Große Polizeipräsenz: Am Dienstagvormittag war gegen 11.30 Uhr interner Amok-Alarm im Berufsschulzentrum Konrad Zuse ausgelöst worden. Man hatte zuvor einen Zettel mit einer Androhung gefunden. Zahlreiche Polizeieinheiten aus der Umgebung sowie alle Katastrophenschutzeinheiten des Rettungsdienstes waren vor Ort. FOTO: lausitznews.de / Lausitznews.de/ Jens Kaczmarek
Hoyerswerda. Am Dienstag musste nach einer Amok-Drohung das Hoyerswerdaer Berufsschulzentrum geräumt werden. Wer hat den Zettel geschrieben und damit einen Großeinsatz von Polizei und Rettungskräften ausgelöst? Von Sascha Klein

Die Polizeidirektion Görlitz fahndet weiterhin nach dem Täter, der eine Amoktat im Beruflichen Schulzentrum „Konrad Zuse“ in Hoyerswerda angedroht hat. Wie Polizeisprecherin Katharina Korch auf RUNDSCHAU-Nachfrage mitteilt, habe sich noch kein Tatverdacht gegen eine Person ergeben. Um die Ermittlungen nicht zu gefährdet, macht die Polizei keine näheren Angaben, was genau in der Drohung stand und wo sie genau im Gebäude gefunden worden ist.

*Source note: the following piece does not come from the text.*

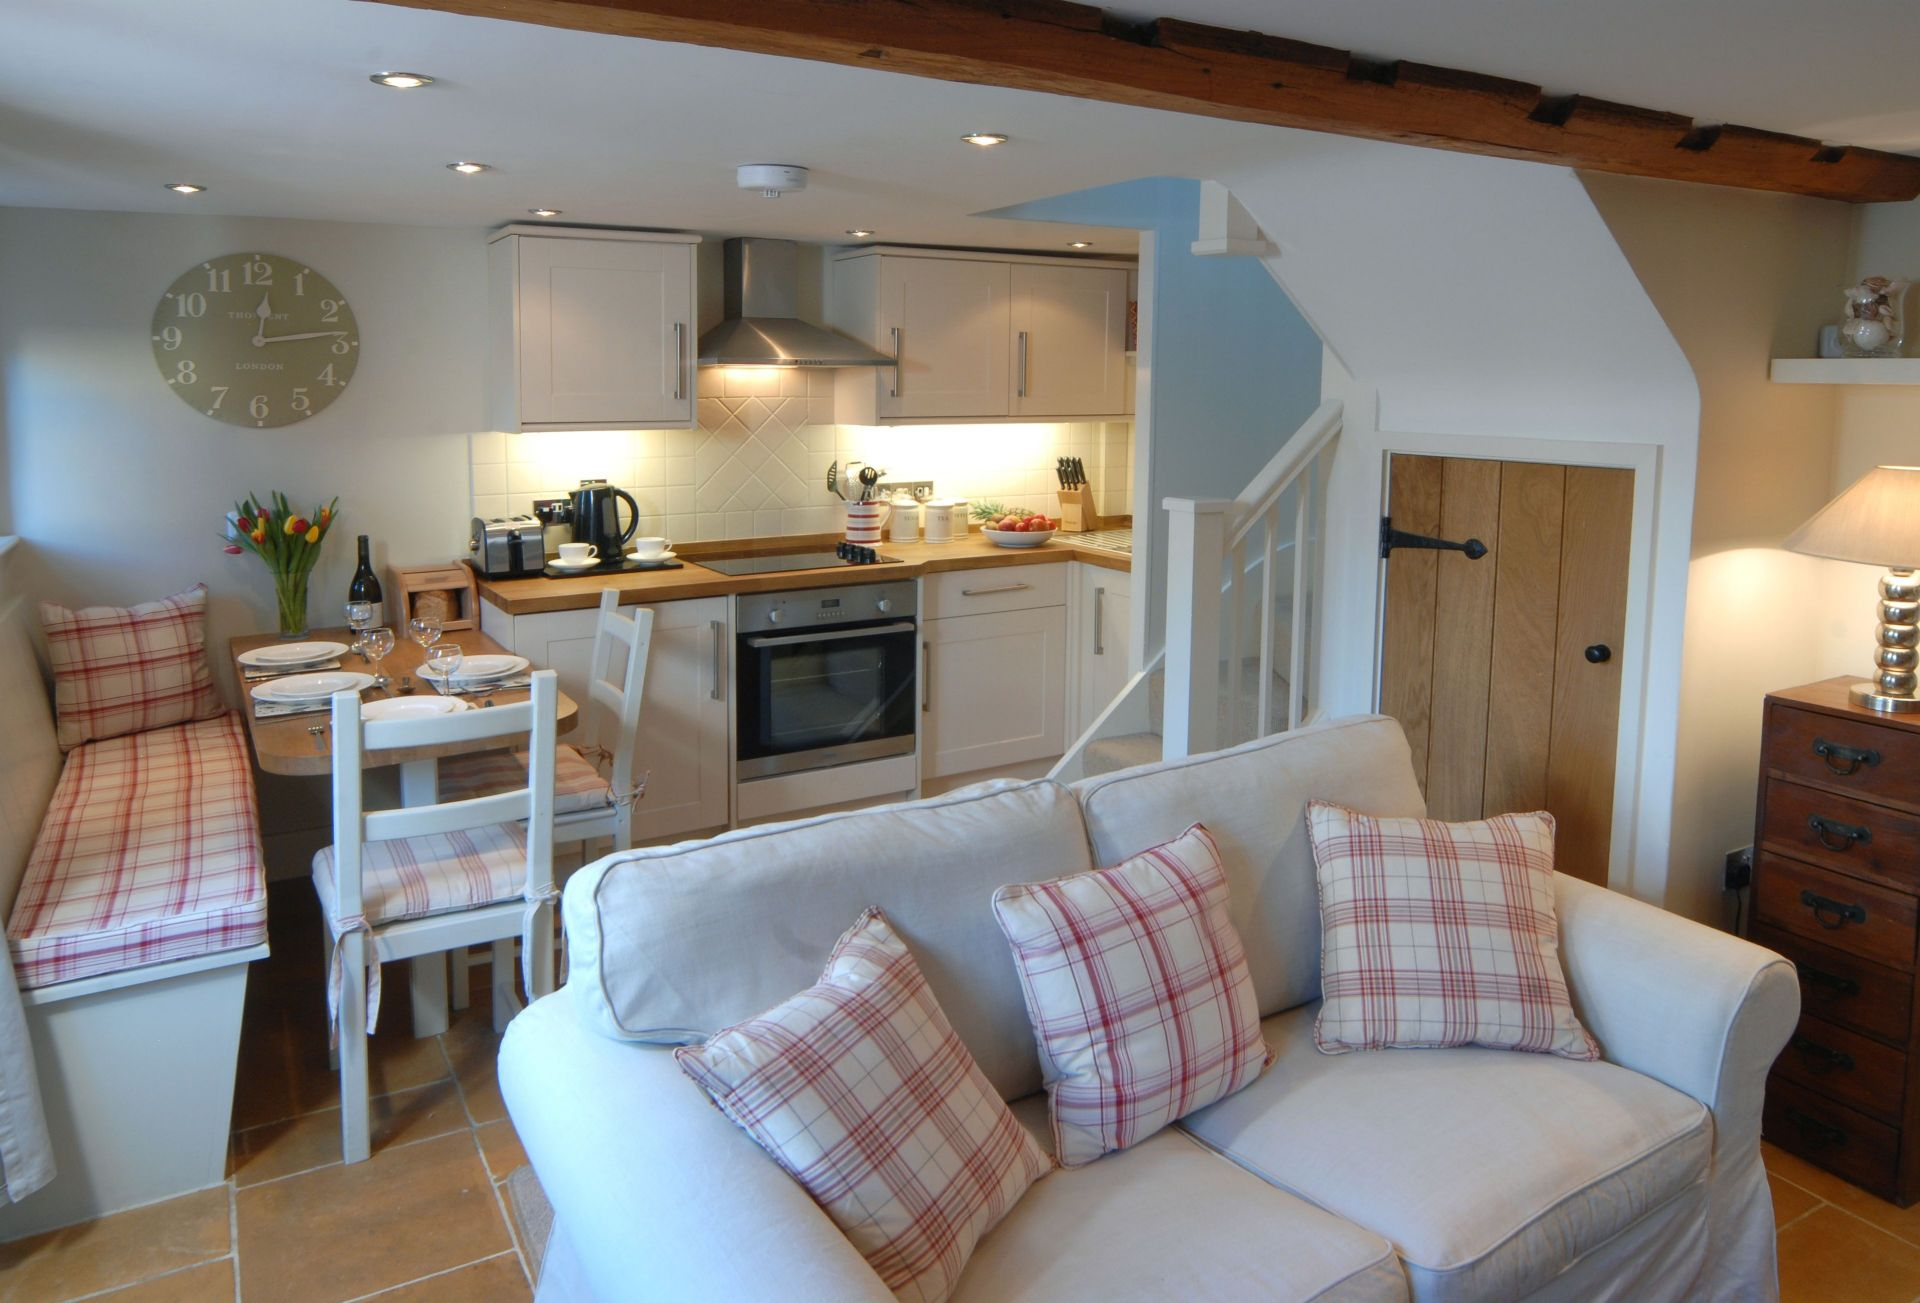 Ground floor: Open plan living area

Am Dienstag war im Hoyerswerdaer BSZ eine schriftliche Amokdrohung entdeckt worden. Daraufhin rückten Polizei und Rettungsdienst mit einem Großaufgebot an. 900 Schüler wurden evakuiert. Verletzt wurde niemand. Der Fall sorgte bundesweit für Schlagzeilen.